In Week 2 of the 2024 NFL season, Gardeck recorded 3 sacks against the Los Angeles Rams in a 41–10 win for the Cardinals. He also recorded 6 tackles and a forced fumble during the game. In Week 3, he recorded 4 tackles, a pass deflection, and an interception in a 20–13 loss against the Detroit Lions. In Week 7 against the Los Angeles Chargers, Gardeck suffered a torn ACL, ending his season prematurely.

===Jacksonville Jaguars===
On June 4, 2025, Gardeck signed with the Jacksonville Jaguars. He played in all 17 games with eight starts, recording 48 tackles, 2.5 sacks, two passes defensed, and a forced fumble.

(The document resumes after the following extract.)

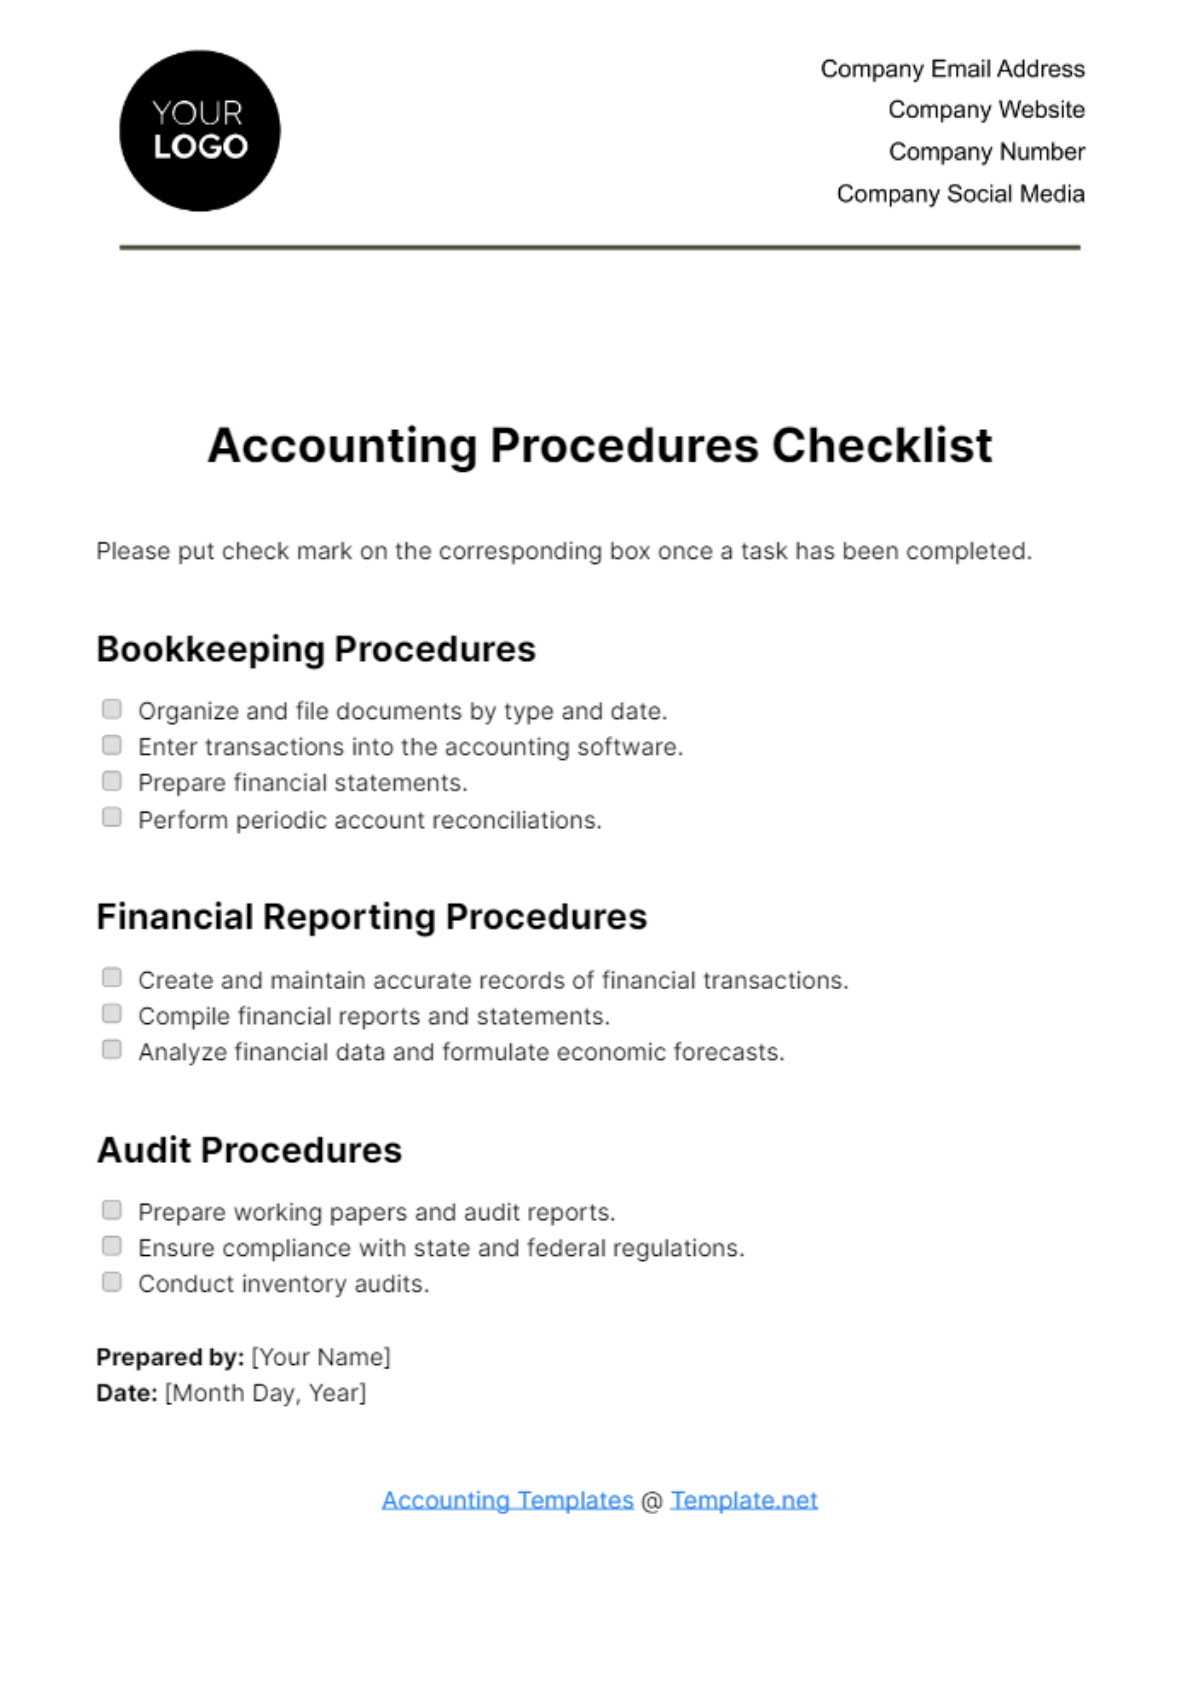 Free Accounting Procedures Checklist Template

On March 9, 2026, Gardeck signed a two-year contract extension with the Jaguars.

==NFL career statistics==

Legend
| Bold | Career high |

===Regular season===

Year: Team; Games; Tackles; Interceptions; Fumbles
GP: GS; Cmb; Solo; Ast; Sck; TFL; Int; Yds; Avg; Lng; TD; PD; FF; Fmb; FR; Yds; TD
2018: ARI; 16; 0; 7; 7; 0; 0.0; 0; 0; 0; 0.0; 0; 0; 0; 0; 0; 0; 0; 0
2019: ARI; 14; 0; 11; 7; 4; 0.0; 0; 0; 0; 0.0; 0; 0; 0; 0; 0; 1; 0; 0
2020: ARI; 14; 0; 16; 14; 2; 7.0; 7; 0; 0; 0.0; 0; 0; 0; 0; 0; 1; 0; 0
2021: ARI; 14; 3; 23; 14; 9; 0.0; 1; 0; 0; 0.0; 0; 0; 0; 0; 0; 1; 0; 0
2022: ARI; 14; 3; 31; 22; 9; 1.0; 2; 1; 24; 24.0; 24; 0; 1; 1; 0; 0; 0; 0
2023: ARI; 17; 8; 46; 36; 10; 6.0; 7; 0; 0; 0.0; 0; 0; 4; 1; 0; 1; 2; 0
2024: ARI; 7; 3; 22; 17; 5; 3.0; 6; 1; 10; 10.0; 10; 0; 2; 1; 0; 0; 0; 0
2025: JAX; 17; 8; 48; 28; 20; 2.5; 6; 0; 0; 0.0; 0; 0; 2; 1; 0; 0; 0; 0
Career: 113; 25; 204; 145; 59; 19.5; 29; 2; 34; 17.0; 24; 0; 9; 4; 0; 4; 2; 0

===Postseason===

Year: Team; Games; Tackles; Interceptions; Fumbles
GP: GS; Cmb; Solo; Ast; Sck; TFL; Int; Yds; Avg; Lng; TD; PD; FF; Fmb; FR; Yds; TD
2021: ARI; 1; 0; 1; 1; 0; 0.0; 0; 0; 0; 0.0; 0; 0; 0; 0; 0; 0; 0; 0
2025: JAX; 1; 1; 3; 3; 0; 0.0; 0; 0; 0; 0.0; 0; 0; 0; 0; 0; 0; 0; 0
Career: 2; 1; 4; 4; 0; 0.0; 0; 0; 0; 0.0; 0; 0; 0; 0; 0; 0; 0; 0

==Personal life==
Gardeck's brother, Ian, is a former professional baseball player. His other brother, Andrew is a surgeon in training at Houston Methodist Hospital.

Gardeck's nickname is "the Barbarian". He has a tattoo with a quote from the poem "Invictus" by William Ernest Henley, which he received in his sophomore year of college.